Brian Johnson, copy chief at MJL Advertising, praises the healthcare ads he thinks would have pleased the legendary Bill Bernbach

Inspired by greatnessBill Bernbach, one of the three founders of Doyle Dane Bernbach (DDB), was a legendary figure in the history of American advertising. He directed the "Think Small" campaign for Volkswagen Beetle, which is recognised by Advertising Age as the top advertising campaign of the 20th Century.

Bernbach said: "If you want to know what makes DDB ads, we have no formula. We have no formula at all. The only common denominator in our ads is that each one has a fresh idea. We present the story in a fresh and original way. Now you can be fresh in many directions. I have no rules for people. I just want them to do what comes naturally to them, but to do it in an effective way. So that they're doing their own thing, but they're doing it in a sharp and disciplined way to make it work."
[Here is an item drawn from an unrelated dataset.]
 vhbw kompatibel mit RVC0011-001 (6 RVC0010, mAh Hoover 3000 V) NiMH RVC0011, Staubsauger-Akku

With this in mind, I thought that instead of looking at poor advertising, I would choose work that I would have been proud to be involved in (and hopefully Bill would have approved of). I went up to our media department (Jane) and got her to load me up with recent healthcare journals. I looked through about 30 journals to find five ads that I like.


 

BUTRANS — Osteoarthritis

Butrans advertisement
 

Many people have tried to visualise the difficulty of getting upstairs with arthritis or angina but, in my opinion, none has pulled it off quite as well as this recent ad. The image is arresting. You want to spend longer on the page. The art director has even made a good job of making the prescribing information look neat and tidy.

On the subject of prescribing information, at an ABPI Code of Practice training day I asked Heather Simmonds what the point was of cluttering up our ads with prescribing information when nobody was ever going to read it. "It's the law," she retorted. That put me in my place and I didn't ask her any more questions.
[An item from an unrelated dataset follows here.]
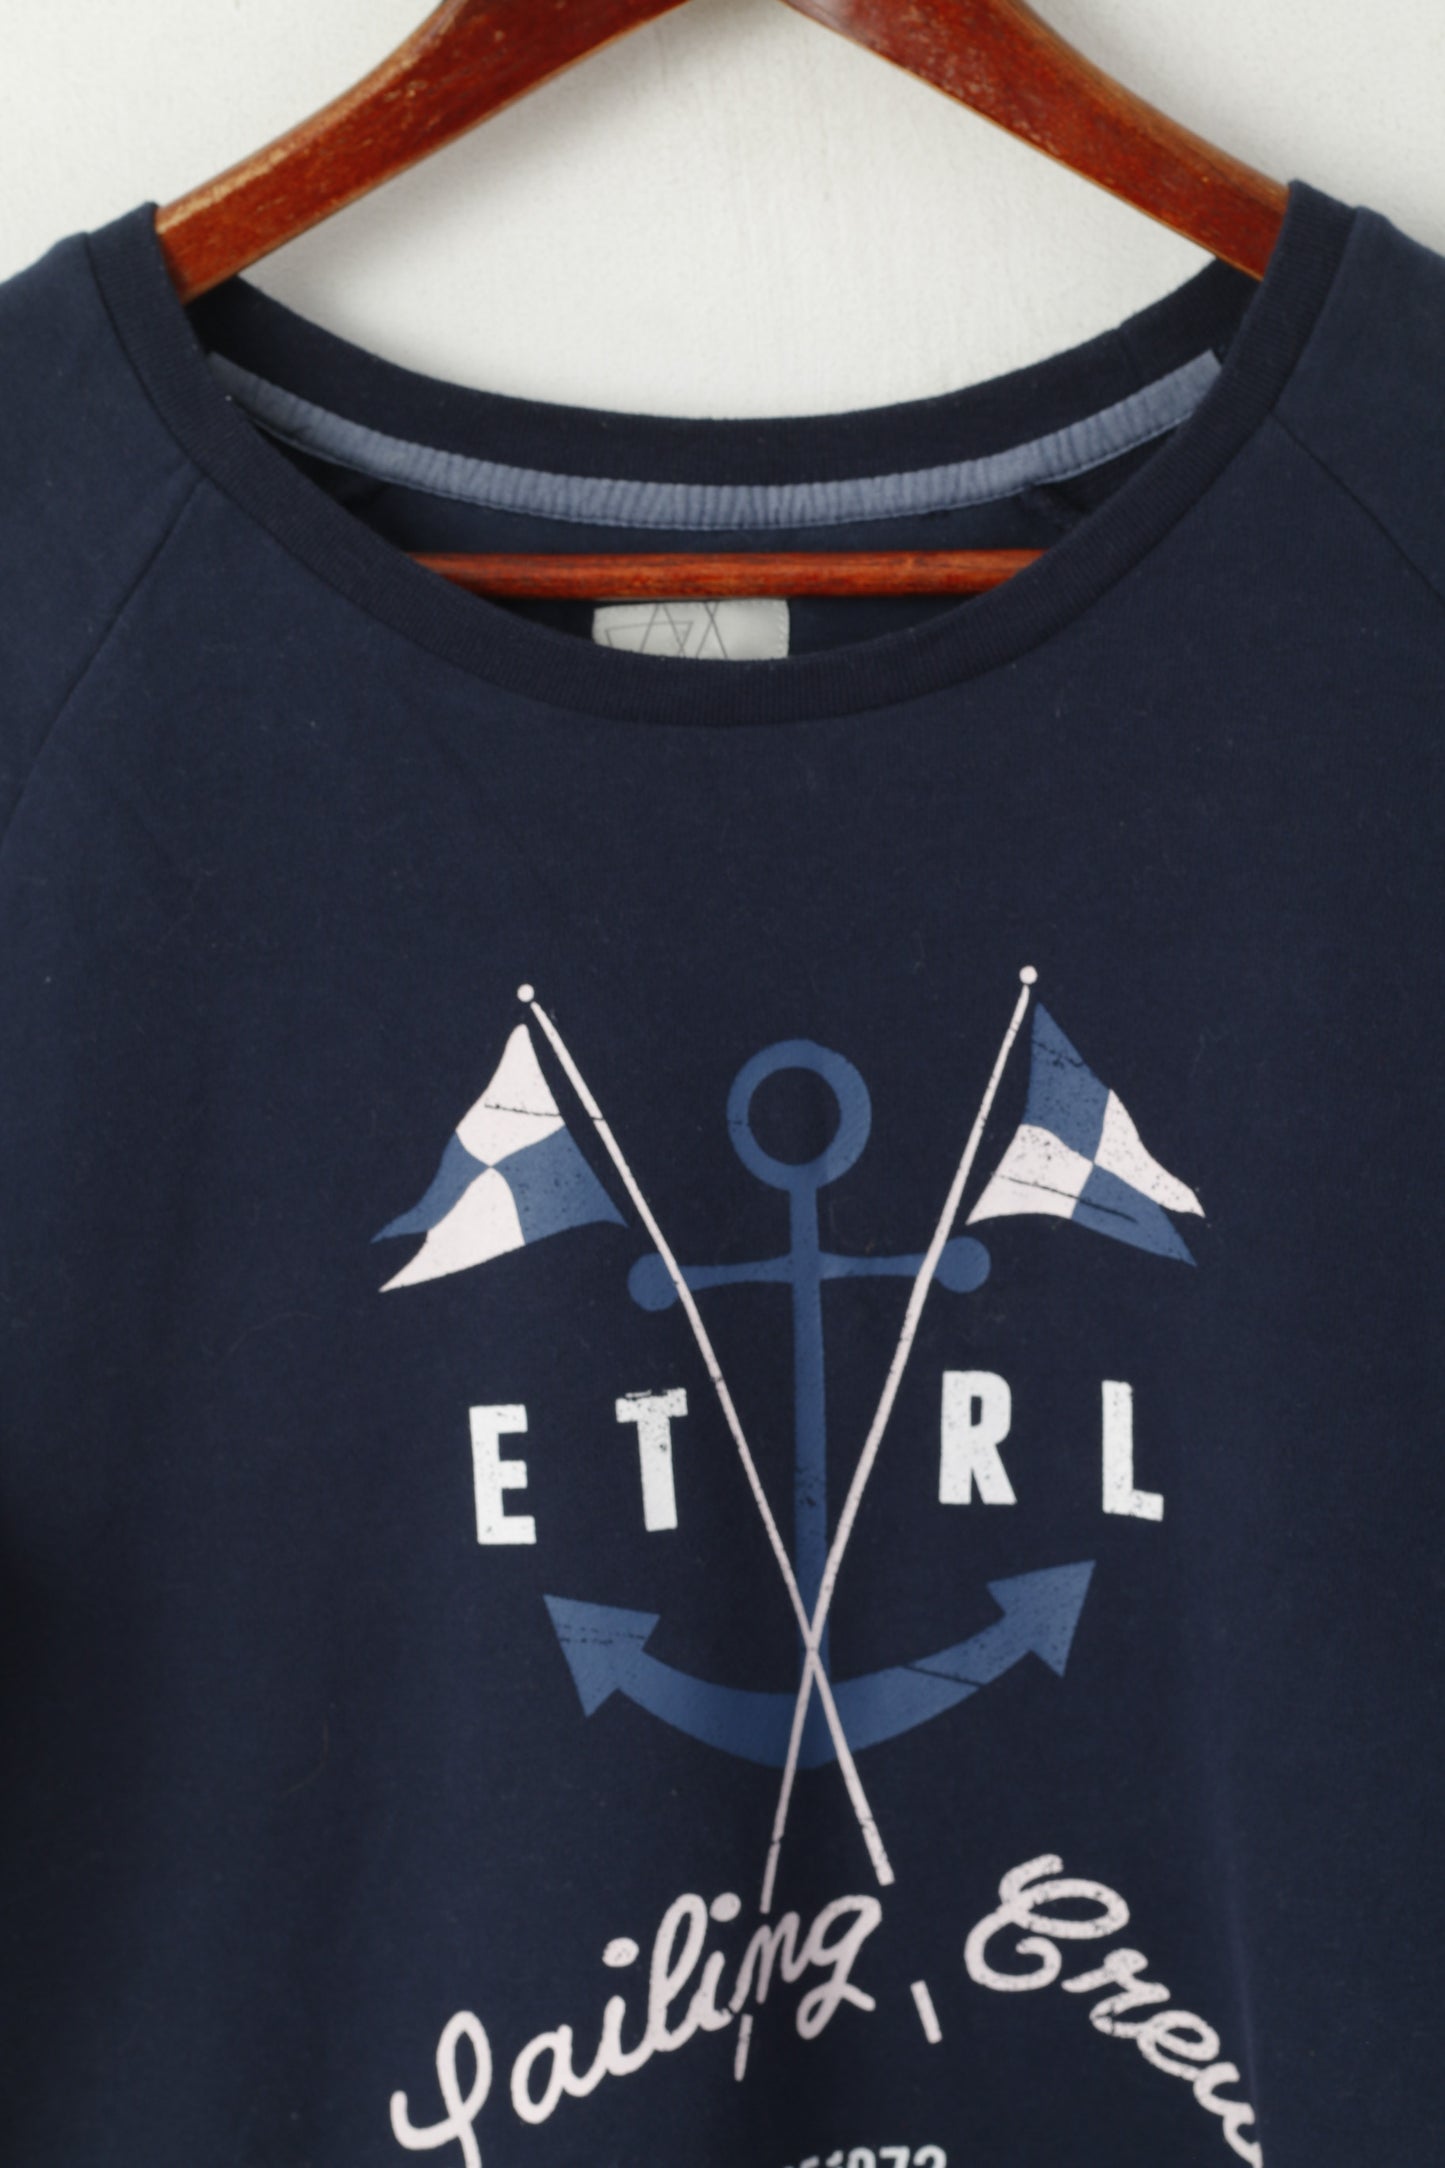 Etirel Women M Sweatshirt Navy Cotton Sailin Crew Graphic Soft Crew Neck Top

The heady heights of success

 

ECZMOL — Infected atopic eczema

I've seen this kind of little and large image before, usually as a cat with a shadow of a lion or tiger. But I love the lilac background colours, which seem soothing and very relevant to an emollient. The headline is nice and simple and the body copy is easy to read. The double page spread helps cut the prescribing information down to size so that it doesn't impinge on the branding. I wish more clients would opt for double page spreads. If you want to big up your brand, big up your ads.

Eczemol advertisement 

Smooth

  


LIPITOR — Reducing cholesterol

Lipitor advertisement

This is part of a series of ads that denote pure brand leadership. You don't see many ads in black and white, but it really works well here. The people depicted in this series look real, and the picture and copy exude confidence. Who could ask for anything more?


  

On the crest of the wave

 

BETESIL — Inflammatory skin disorders

When you're flicking through a dermatology magazine you expect to see a lot of unsightly images. Then you come across this little gem of an ad. It makes you want to laugh. Surely that's not a bad thing. It reminds me of those birthday cards you choose because they have an unexpected element to them. Imagine trying to sell this, first to an account handler and then to the client whose first response might be: "Are you having a laugh?"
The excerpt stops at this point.